Williams v. City of New York

Williams v City of New York (2019 NY Slip Op 05806)
Williams v City of New York
2019 NY Slip Op 05806
Decided on July 24, 2019
Appellate Division, Second Department
Published by New York State Law Reporting Bureau pursuant to Judiciary Law § 431.
This opinion is uncorrected and subject to revision before publication in the Official Reports.


Decided on July 24, 2019 SUPREME COURT OF THE STATE OF NEW YORK Appellate Division, Second Judicial Department
REINALDO E. RIVERA, J.P.
MARK C. DILLON
LEONARD B. AUSTIN
SYLVIA O. HINDS-RADIX, JJ.

2017-13088
(Index No. 16635/10)

[*1]Michael Williams, appellant,

v

City of New York, et al., respondents.




Miller & Miller, Brooklyn, NY (Andrew R. Miller of counsel), for appellant.

Zachary W. Carter, Corporation Counsel, New York, NY (Jane L. Gordon and Elizabeth Freedman of counsel), for respondents.



DECISION & ORDER

In an action, inter alia, to recover damages for false arrest and malicious prosecution, the plaintiff appeals from an order of the Supreme Court, Kings County (Katherine Levine, J.), dated October 13, 2017. The order, insofar as appealed from, denied that branch of the plaintiff's motion which was pursuant to CPLR 3126 to strike the defendants' answer or, in the alternative, to impose other sanctions on the defendants for spoliation of evidence.

ORDERED that the order is affirmed insofar as appealed from, with costs.

The plaintiff commenced this action, inter alia, to recover damages for false arrest and malicious prosecution relating to his arrest for conspiracy in the fourth degree and other charges.
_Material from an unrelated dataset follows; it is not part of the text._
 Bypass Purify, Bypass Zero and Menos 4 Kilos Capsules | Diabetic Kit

After issue was joined, the plaintiff moved, inter alia, pursuant to CPLR 3126 to strike the defendants' answer or, in the alternative, to impose other sanctions on the defendants, contending that the defendants had lost or destroyed a New York City Police Department investigative file pertaining to his underlying criminal case. The Supreme Court, inter alia, denied that branch of the plaintiff's motion which was pursuant to CPLR 3126. The plaintiff appeals.
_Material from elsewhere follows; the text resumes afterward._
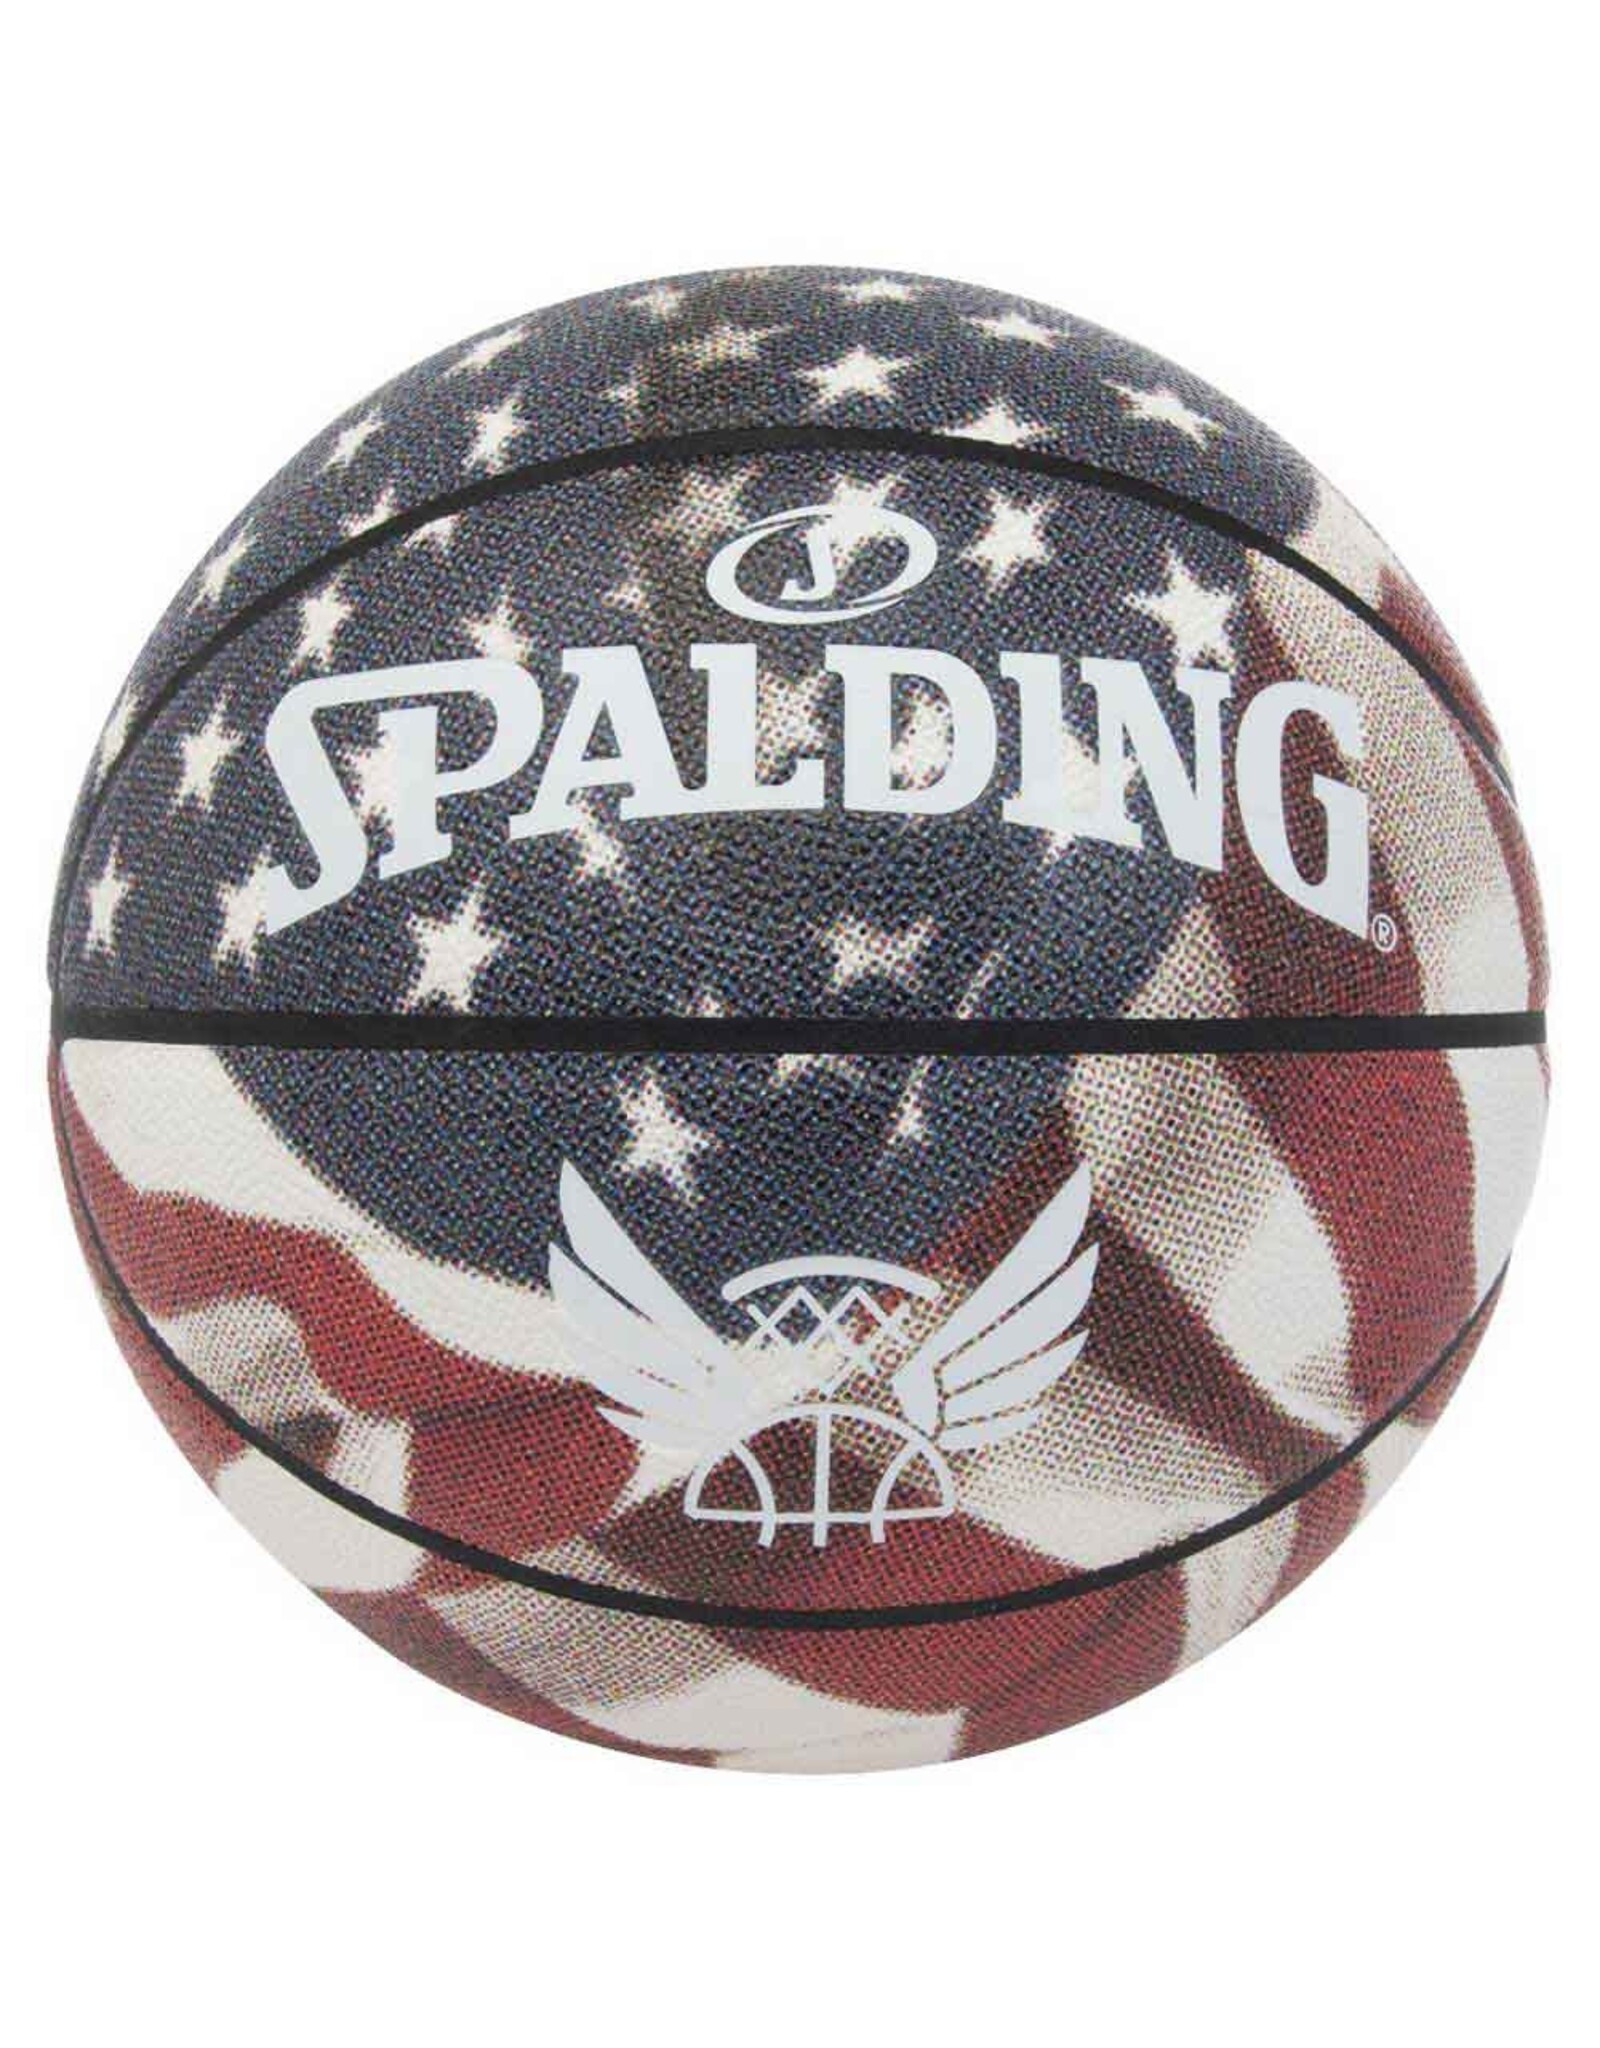 Spalding Trend Stars Stripes Sz7 Rubber Basketball

Under the common-law doctrine of spoliation, a party may be sanctioned where it negligently loses or intentionally destroys key evidence (see CPLR 3126; Morales v City of New York, 130 AD3d 792, 793; Neve v City of New York, 117 AD3d 1006, 1008; Samaroo v Bogopa Serv. Corp., 106 AD3d 713, 713-714). "A party that seeks sanctions for spoliation of evidence must show that the party having control over the evidence possessed an obligation to preserve it at the time of its destruction, that the evidence was destroyed with a culpable state of mind, and that the destroyed evidence was relevant to the party's claim or defense such that the trier of fact could find that the evidence would support that claim or defense" (Pegasus Aviation I, Inc. v Varig Logistica S.A., 26 NY3d 543, 547 [internal quotation marks omitted]; see CPLR 3126; Watson v 518 Pa. Hous. Dev. Fund Corp., 160 AD3d 907, 909). The Supreme Court has broad discretion to determine a sanction for the spoliation of evidence (see Pegasus Aviation I, Inc. v Varig Logistica S.A., 26 NY3d at 551).

Here, we agree with the Supreme Court's denial of that branch of the plaintiff's motion which was pursuant to CPLR 3126 to strike the defendants' answer or, in the alternative, to [*2]impose other sanctions. The plaintiff failed to sustain his burden of establishing that the defendants "intentionally or negligently disposed of critical evidence, and fatally compromised [his] ability to prove" his claim (Cioffi v S.M. Foods, Inc., 142 AD3d 520, 525 [citations and internal quotation marks omitted]; see Pegasus Aviation I, Inc. v Varig Logistica S.A., 26 NY3d at 547; Daconta v Otis El. Co., 165 AD3d 753, 754).

The plaintiff's remaining contention is without merit.

RIVERA, J.P., DILLON, AUSTIN and HINDS-RADIX, JJ., concur.